DATA: Begin

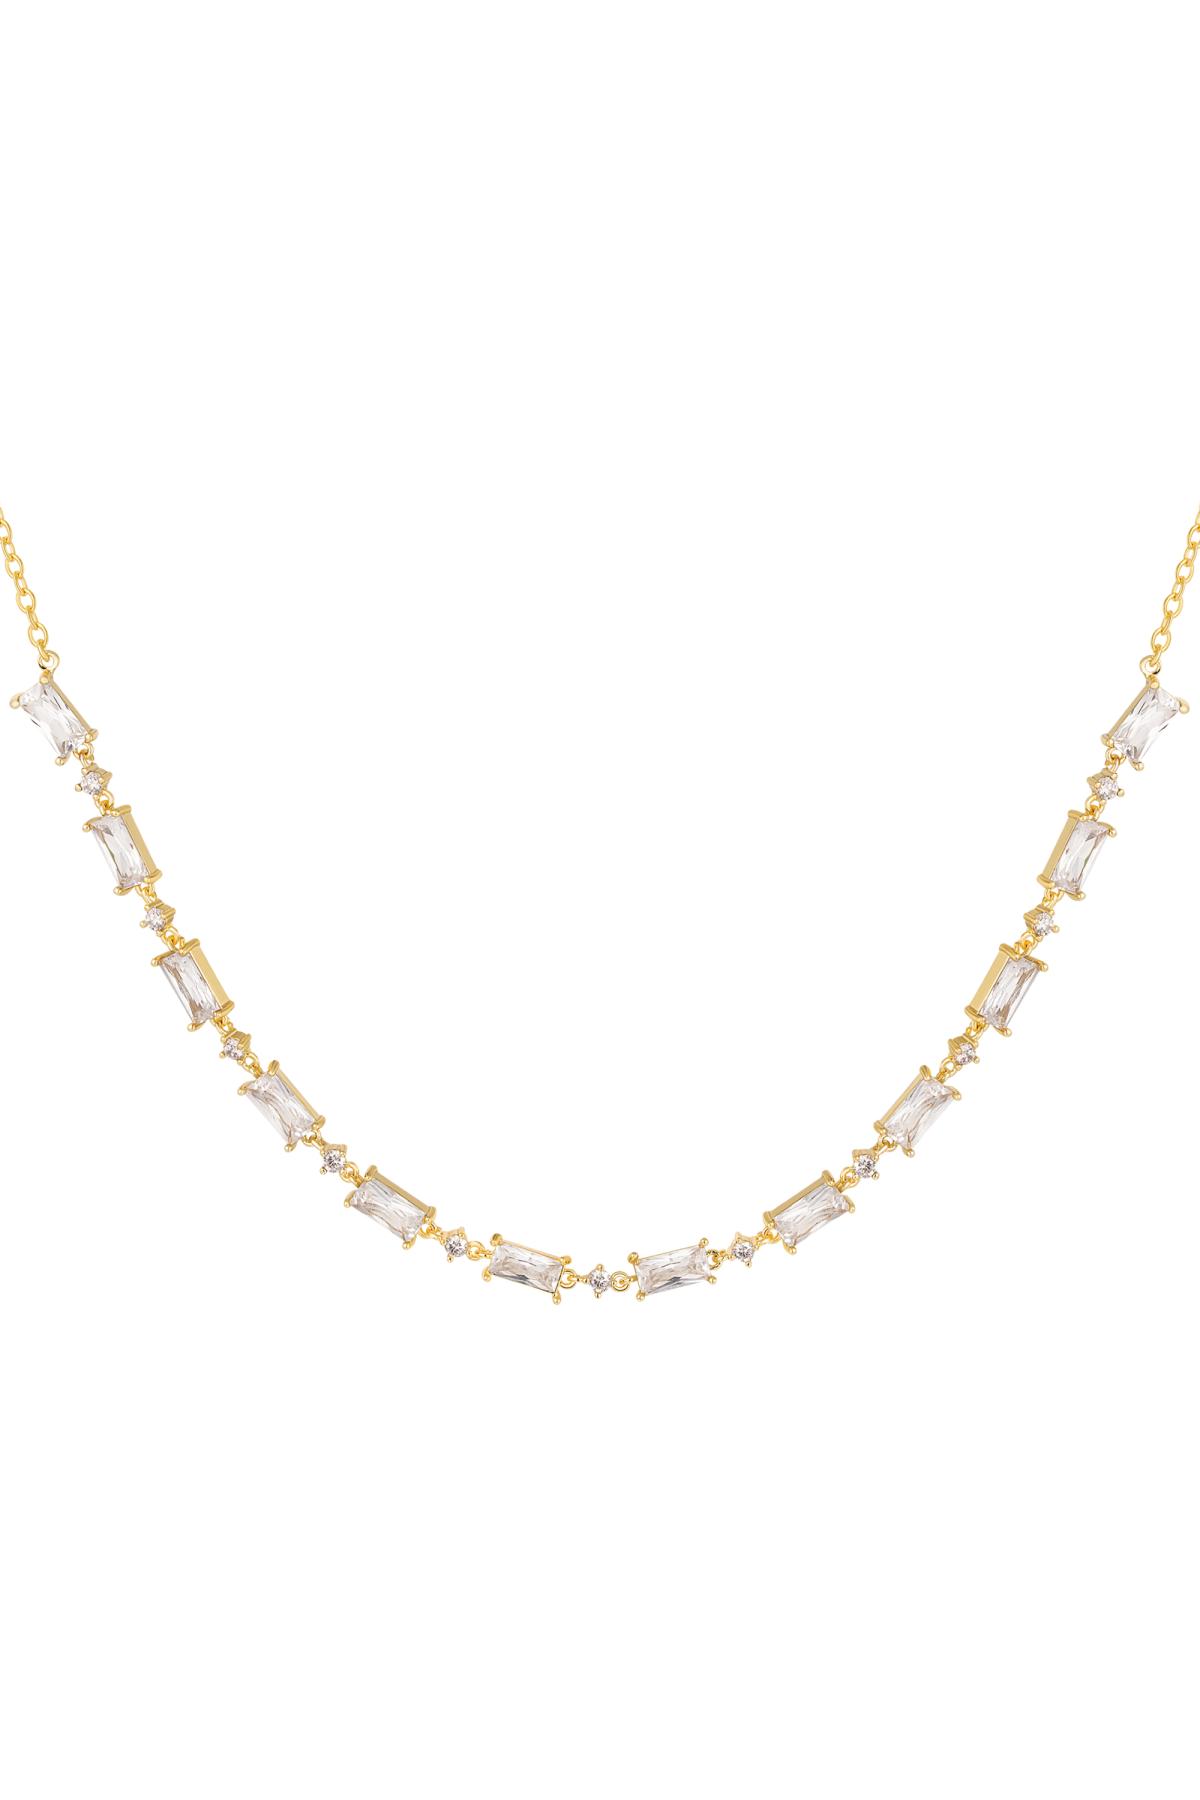 Halskette mit farbigen Steinen - Kollektion Sparkle Gold Kupfer
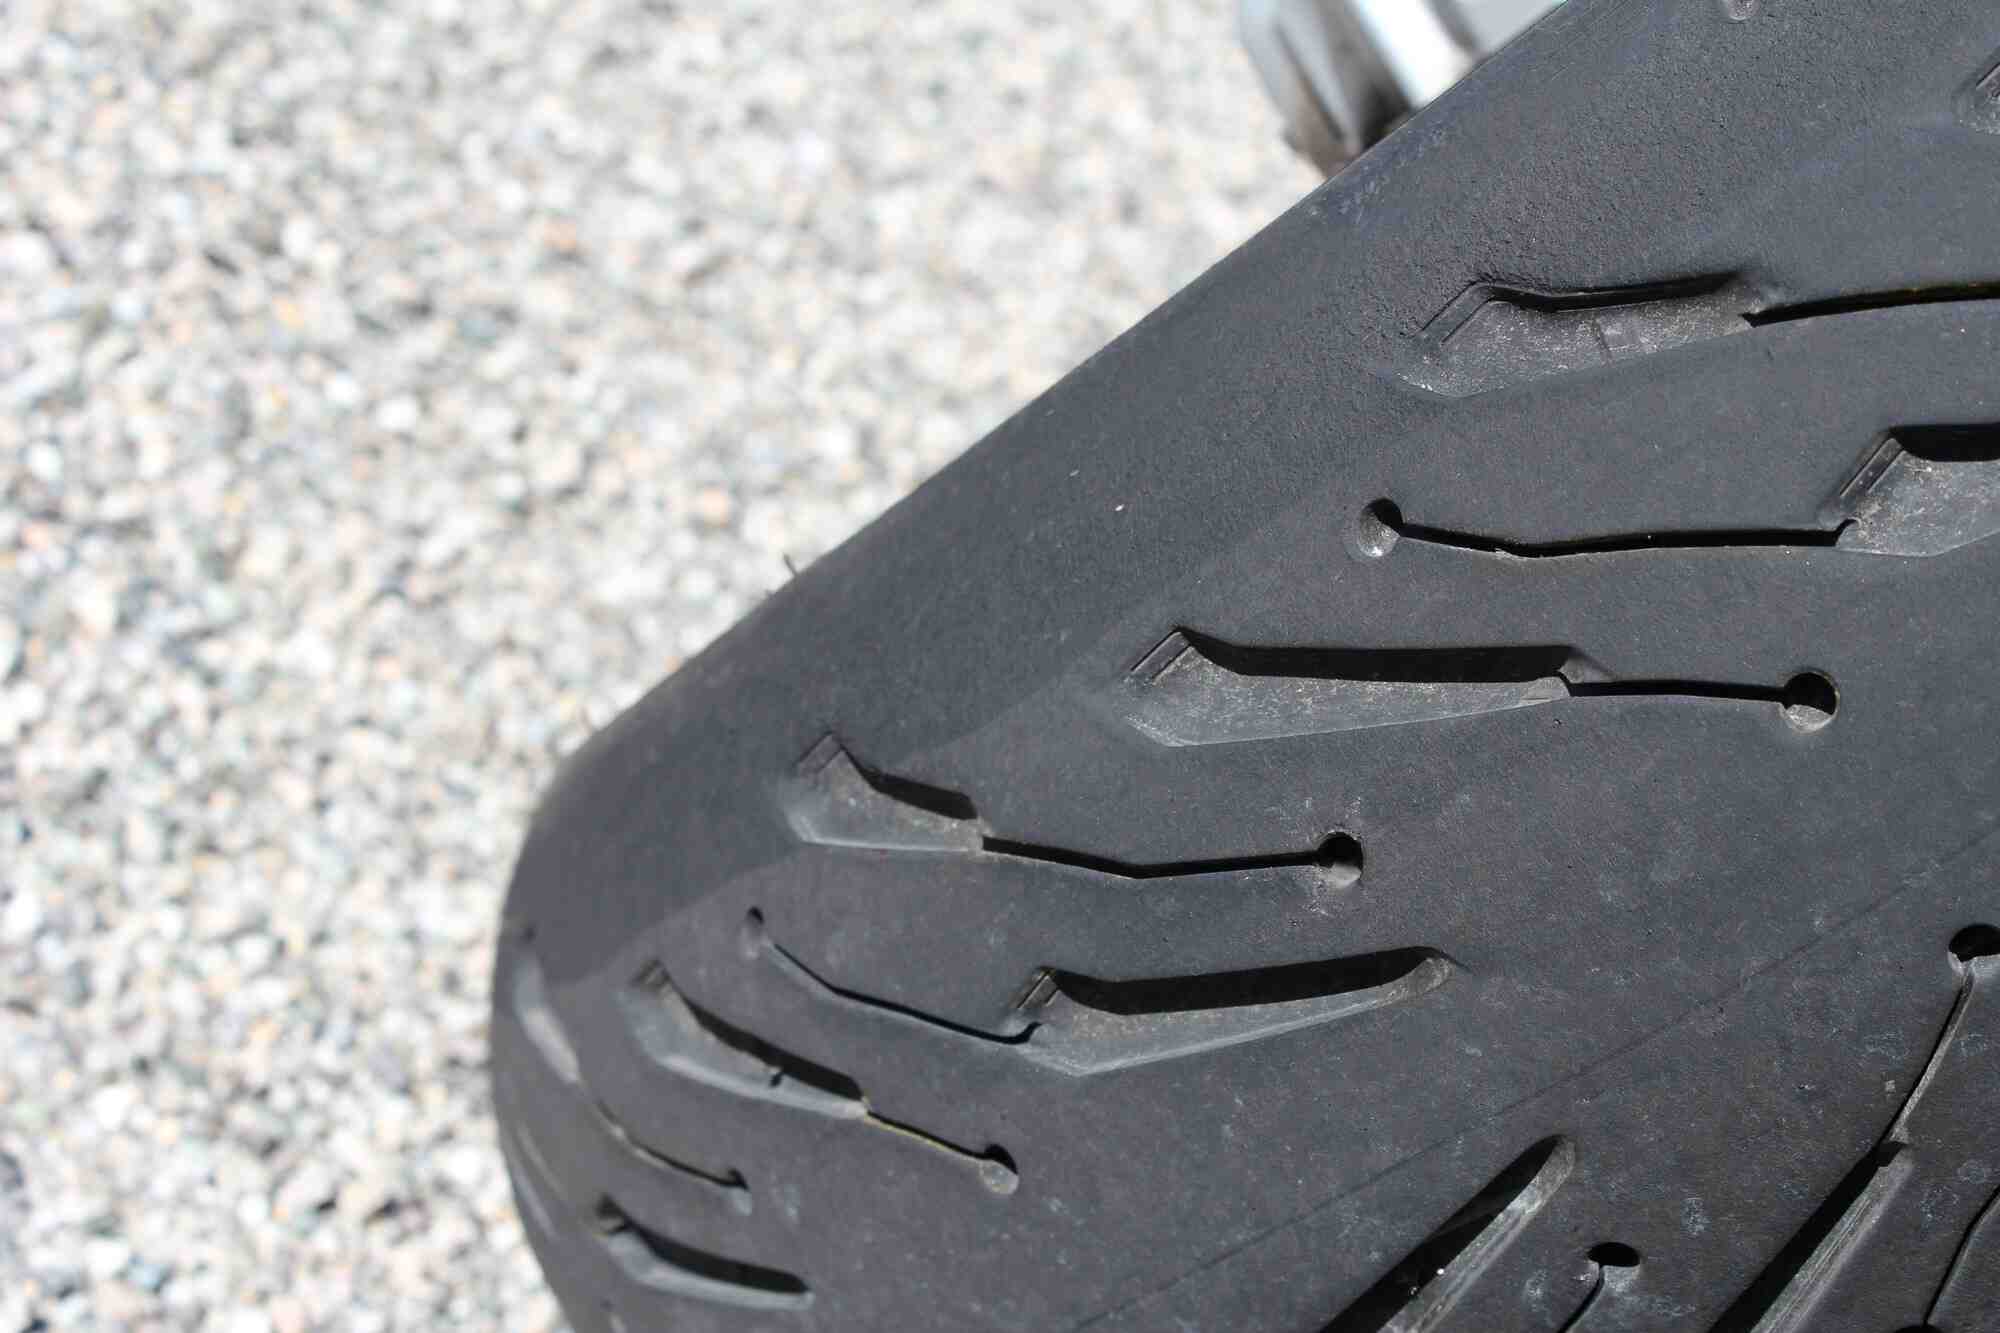 Comment mesurer l'usure des vieux pneus?
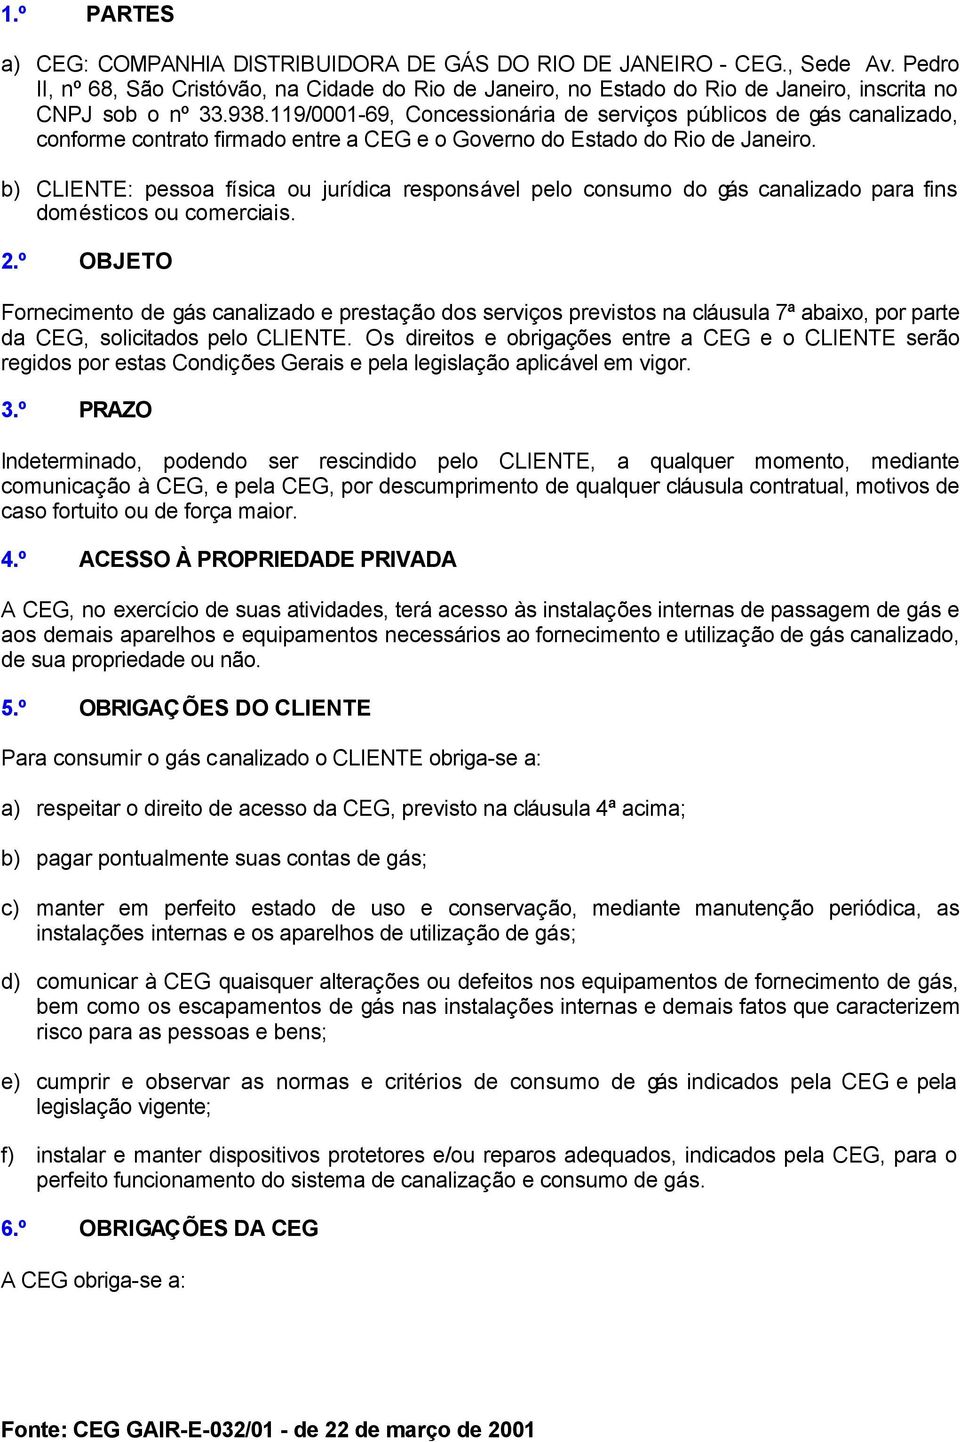 119/0001-69, Concessionária de serviços públicos de gás canalizado, conforme contrato firmado entre a CEG e o Governo do Estado do Rio de Janeiro.

DATA: End

Give back every line of the material above word for word, leaving out the pictures.

 Halskette mit farbigen Steinen - Kollektion Sparkle Gold Kupfer
 Comment mesurer l'usure des vieux pneus?
 119/0001-69, Concessionária de serviços públicos de gás canalizado, conforme contrato firmado entre a CEG e o Governo do Estado do Rio de Janeiro.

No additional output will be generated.